Tachibana-san mengangguk, “Un,” dengan ekspresi emosi yang tipis.

“Ayo lakukan hijidon juga.”

Ternyata itu berhasil.

“Cobalah ubah dialognya setiap kali. Lebih baik jika sedikit memaksa.”

“Baiklah.”

Tachibana-san, dia cukup ngotot.
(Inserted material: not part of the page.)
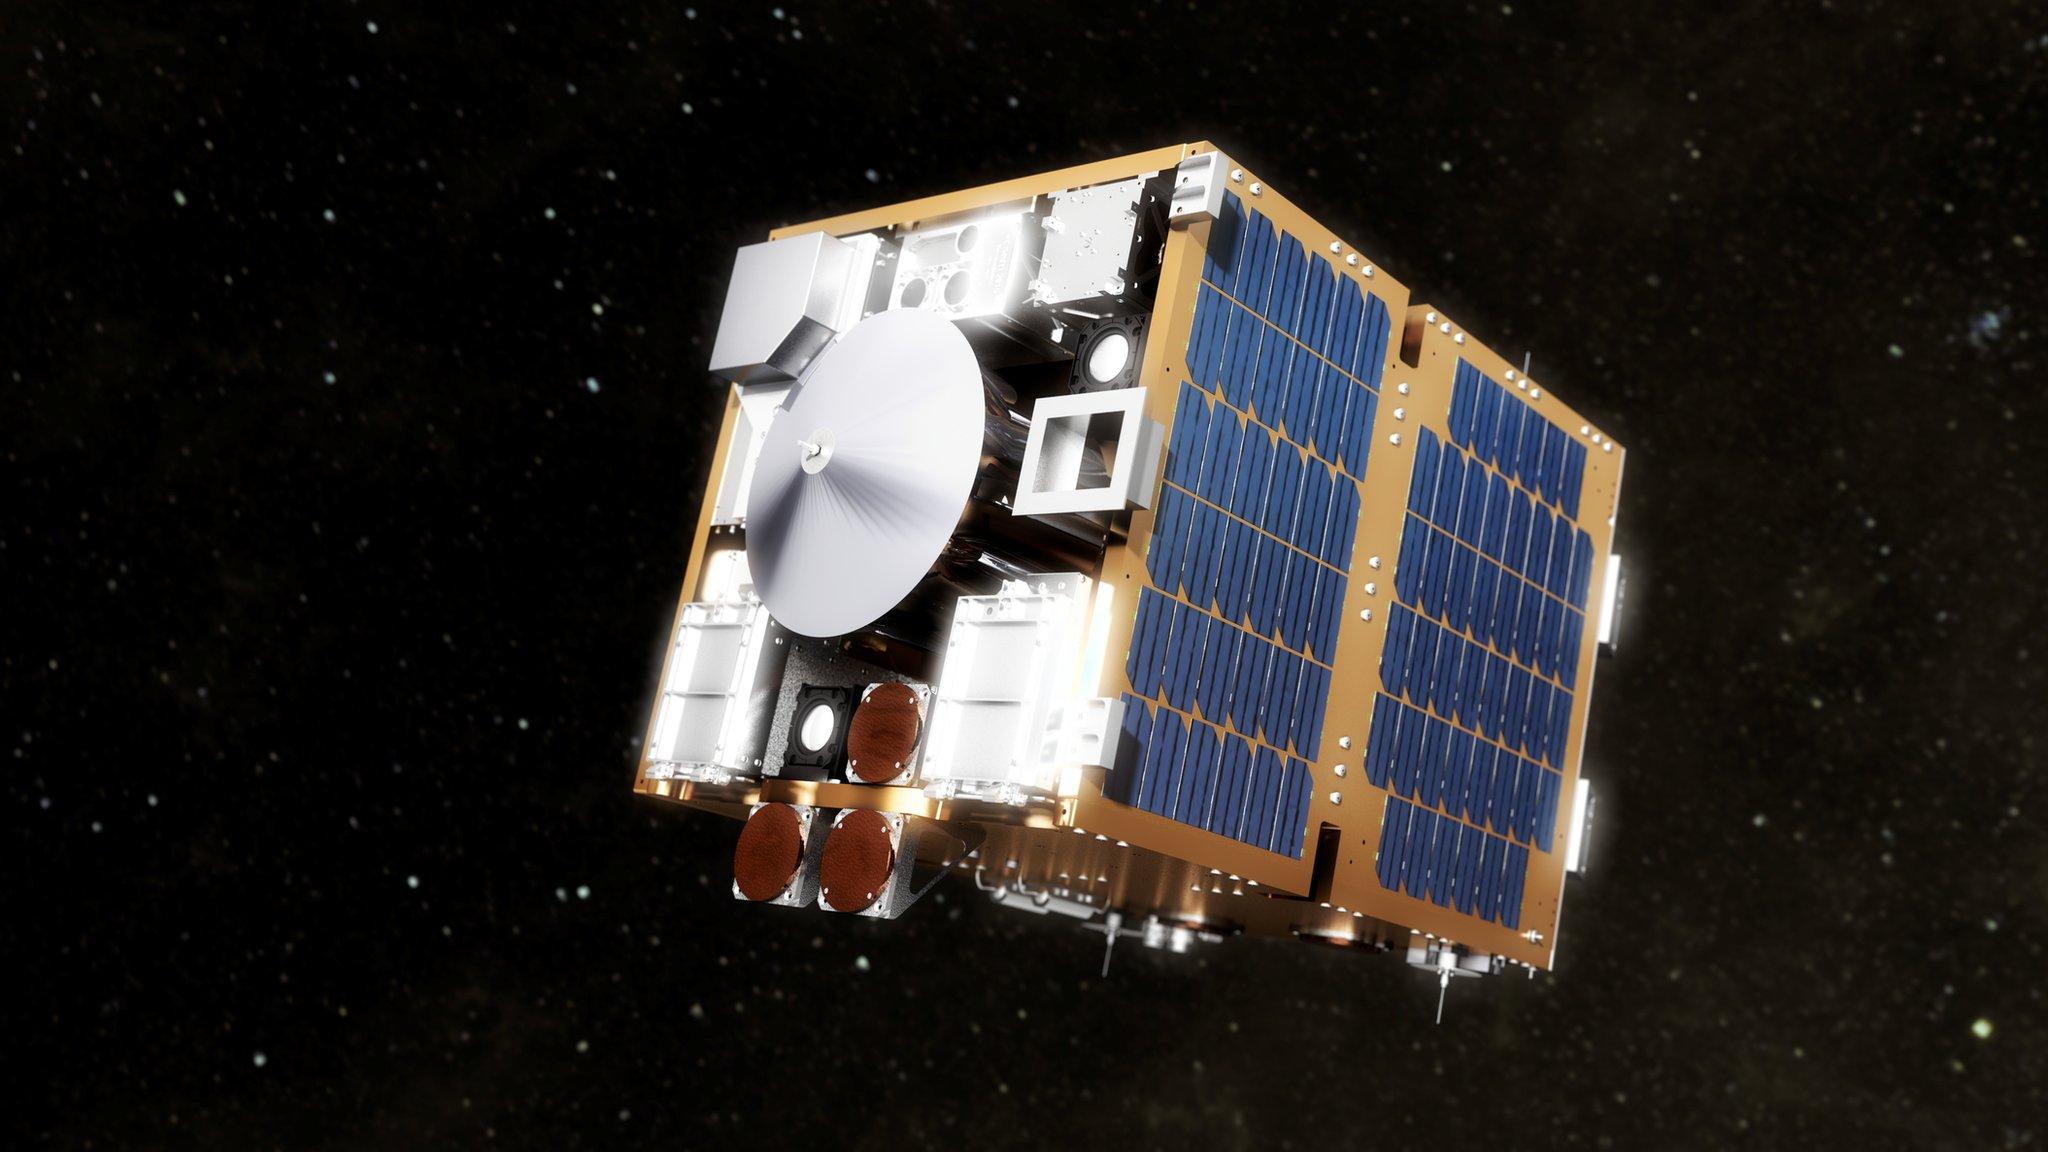 RemoveDebris: Space junk mission prepares for launch
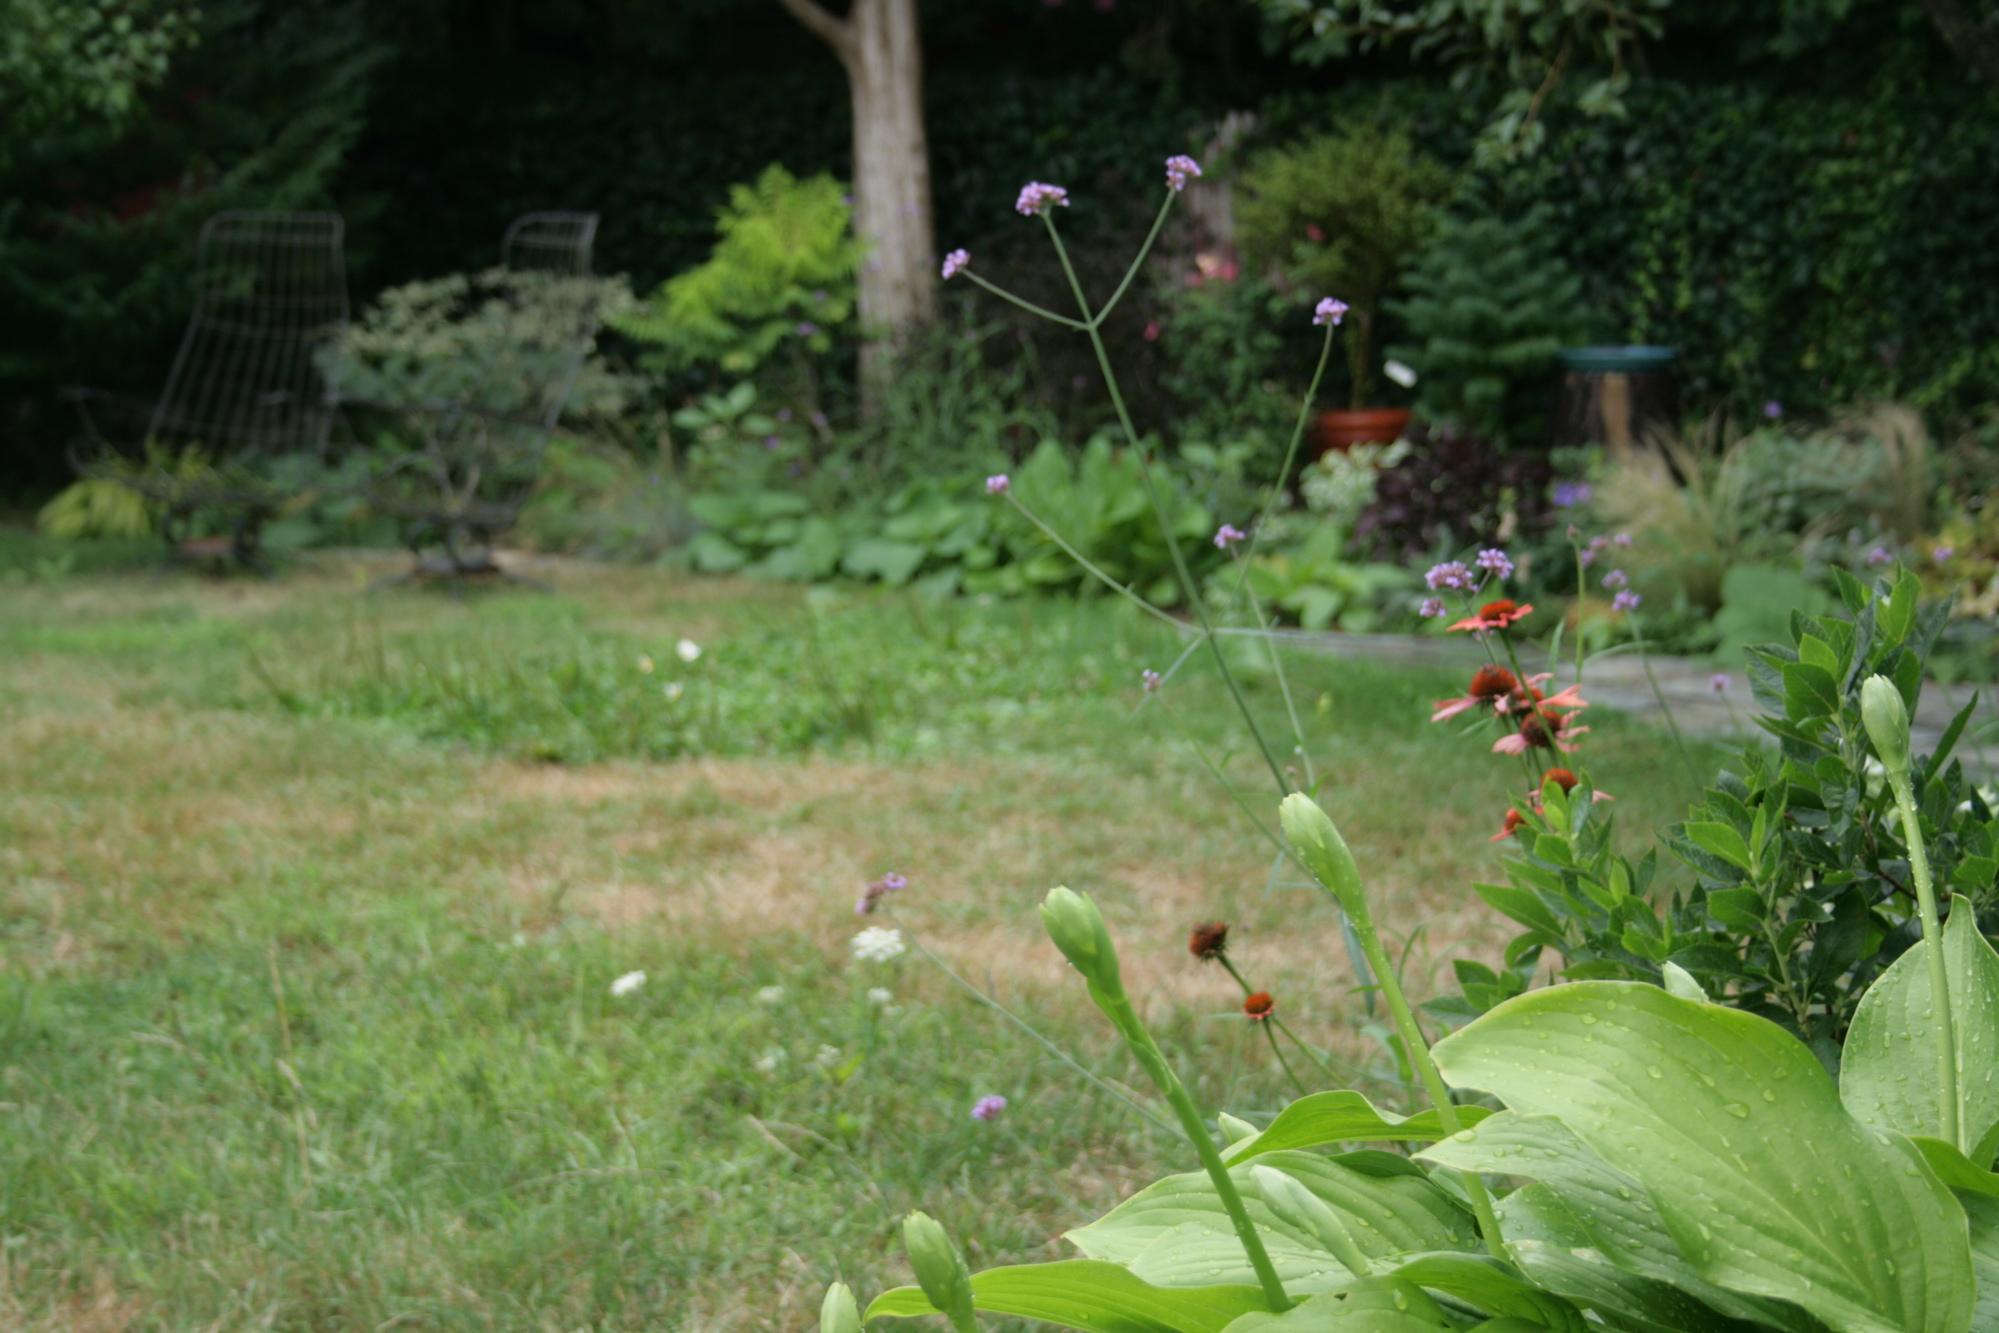 Fine Gardening Garden Photo Of The Day Kristin Green Trench Manicure

Mungkin dia punya sentuhan artis.

“Kalo gitu, ayo lakukan.”

Kali ini, aku menekan sikuku ke dinding. Ini adalah penerapan kabedon, yang disebut hijidon. Ini lebih dekat daripada meletakkan tanganku di dinding.

Aku mengatakan ini karena aku berpose menutupi Tachibana-san.

“Aku tidak akan membiarkanmu pergi malam ini.”

Tachibana-san menatap mataku dan tidak bergerak. Tachibana-san, dilihat dari jarak dekat, sangat halus seperti kaca, dan memiliki kecantikan yang tidak nyata.

“Apa itu membuatmu degdegan?”

“...Ya, benar.”

Kata Tachibana-san, tiba-tiba, dia menarik dasi di leherku. Wajah kami semakin dekat, dan dahi kami hampir bersentuhan. Bulu matanya yang panjang dan pipinya yang putih dingin, semuanya indah.

“...Hei, apa kamu degdegan?”

Tachibana-san bertanya.

Aku degdegan. Tapi, bahkan tanpa dia melakukan ini, aku selalu degdegan. Karena Tachibana-san adalah orang yang paling aku cintai.

“...Tachibana-san, ini [nekukui], ‘kan?”

“Ya. Ini tertulis di catatan.”

Seorang gadis meraih dasi seorang anak laki-laki dan menariknya, mendekatkan wajahnya untuk membuatnya degdegan.

“Tachibana-san ternyata cukup mudah terbawa juga, ya.”

“Ayo kita lanjutkan.”

Dan begitulah, kami berlatih metode yang tertulis dalam catatan cinta satu demi satu.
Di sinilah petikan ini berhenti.